Tasks are run on middle managers and always operate on a single data source. Tasks are submitted using POST requests.

There are several different types of tasks.

Segment Creation Tasks

Hadoop Index Task

See batch ingestion.

Native Index Tasks

Druid provides a native index task which doesn't need any dependencies on other systems. See native index tasks for more details.

Segment Merging Tasks

Append Task

Append tasks append a list of segments together into a single segment (one after the other). The grammar is:

{
    "type": "append",
    "id": <task_id>,
    "dataSource": <task_datasource>,
    "segments": <JSON list of DataSegment objects to append>,
    "aggregations": <optional list of aggregators>,
    "context": <task context>
}

Merge Task

Merge tasks merge a list of segments together. Any common timestamps are merged. If rollup is disabled as part of ingestion, common timestamps are not merged and rows are reordered by their timestamp.

The grammar is:

{
    "type": "merge",
    "id": <task_id>,
    "dataSource": <task_datasource>,
    "aggregations": <list of aggregators>,
    "rollup": <whether or not to rollup data during a merge>,
    "segments": <JSON list of DataSegment objects to merge>,
    "context": <task context>
}

Same Interval Merge Task

Same Interval Merge task is a shortcut of merge task, all segments in the interval are going to be merged.

The grammar is:

{
    "type": "same_interval_merge",
    "id": <task_id>,
    "dataSource": <task_datasource>,
    "aggregations": <list of aggregators>,
    "rollup": <whether or not to rollup data during a merge>,
    "interval": <DataSegment objects in this interval are going to be merged>,
    "context": <task context>
}

Compaction Task

Compaction tasks merge all segments of the given interval. The syntax is:

{
    "type": "compact",
    "id": <task_id>,
    "dataSource": <task_datasource>,
    "interval": <interval to specify segments to be merged>,
    "dimensions" <custom dimensionsSpec>,
    "tuningConfig" <index task tuningConfig>,
    "context": <task context>
}
Field Description Required
type Task type. Should be compact Yes
id Task id No
dataSource dataSource name to be compacted Yes
interval interval of segments to be compacted Yes
dimensions custom dimensionsSpec. compaction task will use this dimensionsSpec if exist instead of generating one. See below for more details. No
tuningConfig Index task tuningConfig No
context Task context No

An example of compaction task is

{
  "type" : "compact",
  "dataSource" : "wikipedia",
  "interval" : "2017-01-01/2018-01-01"
}

This compaction task reads all segments of the interval 2017-01-01/2018-01-01 and results in new segments. Note that intervals of the input segments are merged into a single interval of 2017-01-01/2018-01-01 no matter what the segmentGranularity was. To control the number of result segments, you can set targetPartitionSize or numShards. See indexTuningConfig for more details. To merge each day's worth of data into separate segments, you can submit multiple compact tasks, one for each day. They will run in parallel.
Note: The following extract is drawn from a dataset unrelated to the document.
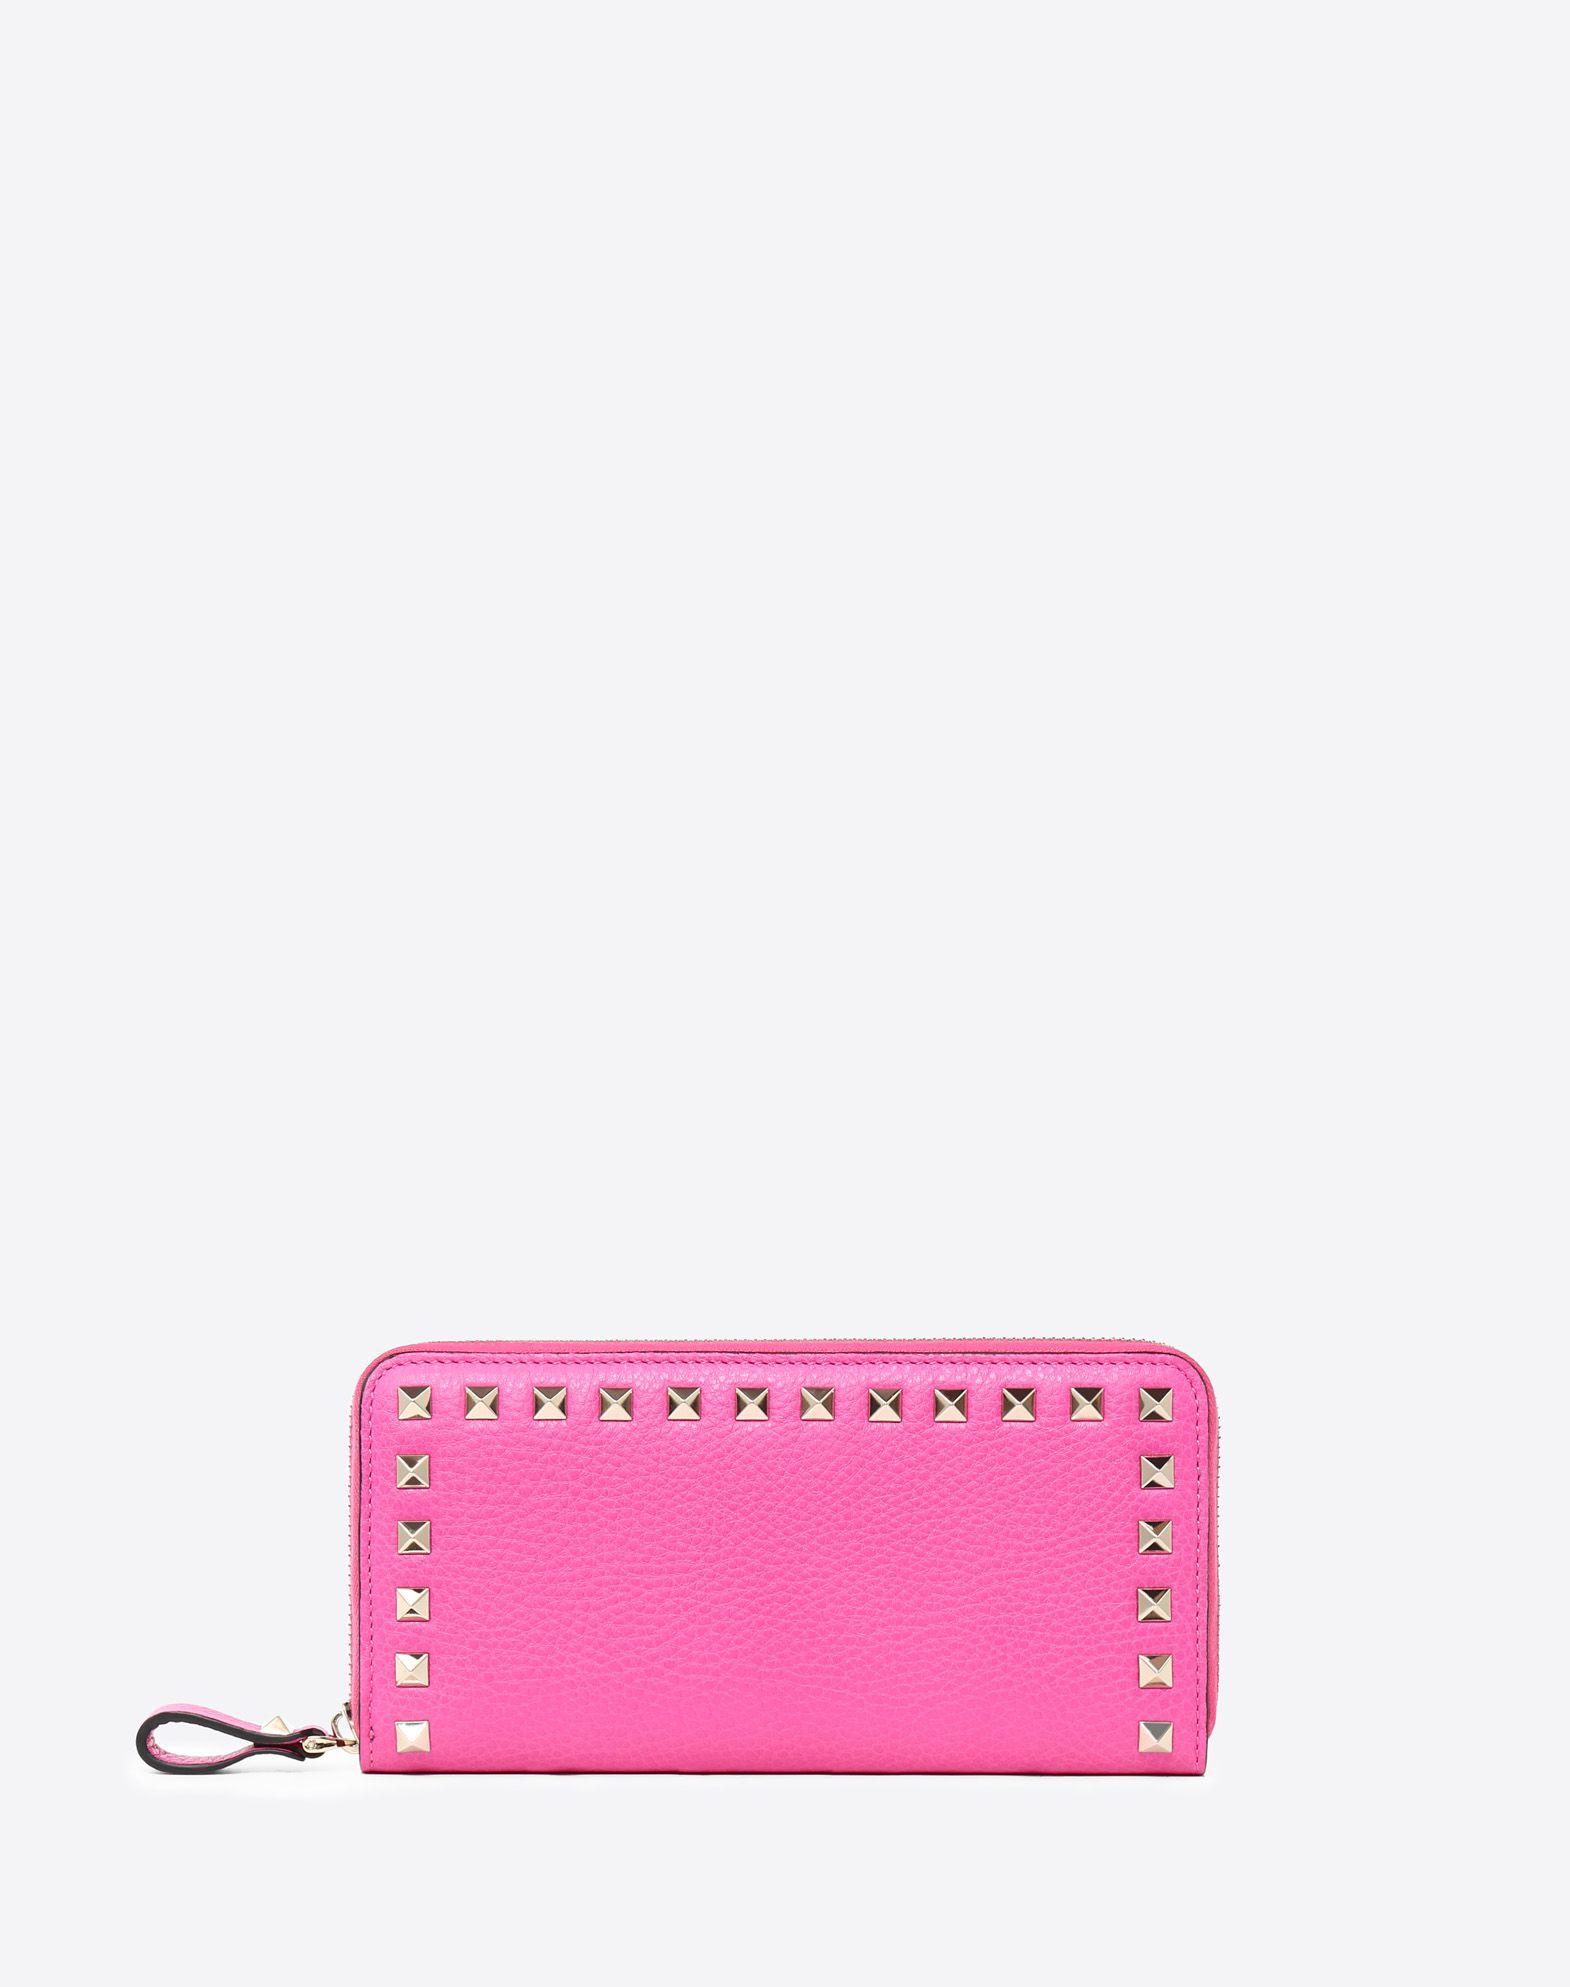 VALENTINO GARAVANI Rockstud Zipped Wallet ZIP AROUND WALLETS D f

A compaction task internally generates an index task spec for performing compaction work with some fixed parameters. For example, its firehose is always the ingestSegmentSpec, and dimensionsSpec and metricsSpec include all dimensions and metrics of the input segments by default.

Compaction tasks will exit with a failure status code, without doing anything, if the interval you specify has no data segments loaded in it (or if the interval you specify is empty).

The output segment can have different metadata from the input segments unless all input segments have the same metadata.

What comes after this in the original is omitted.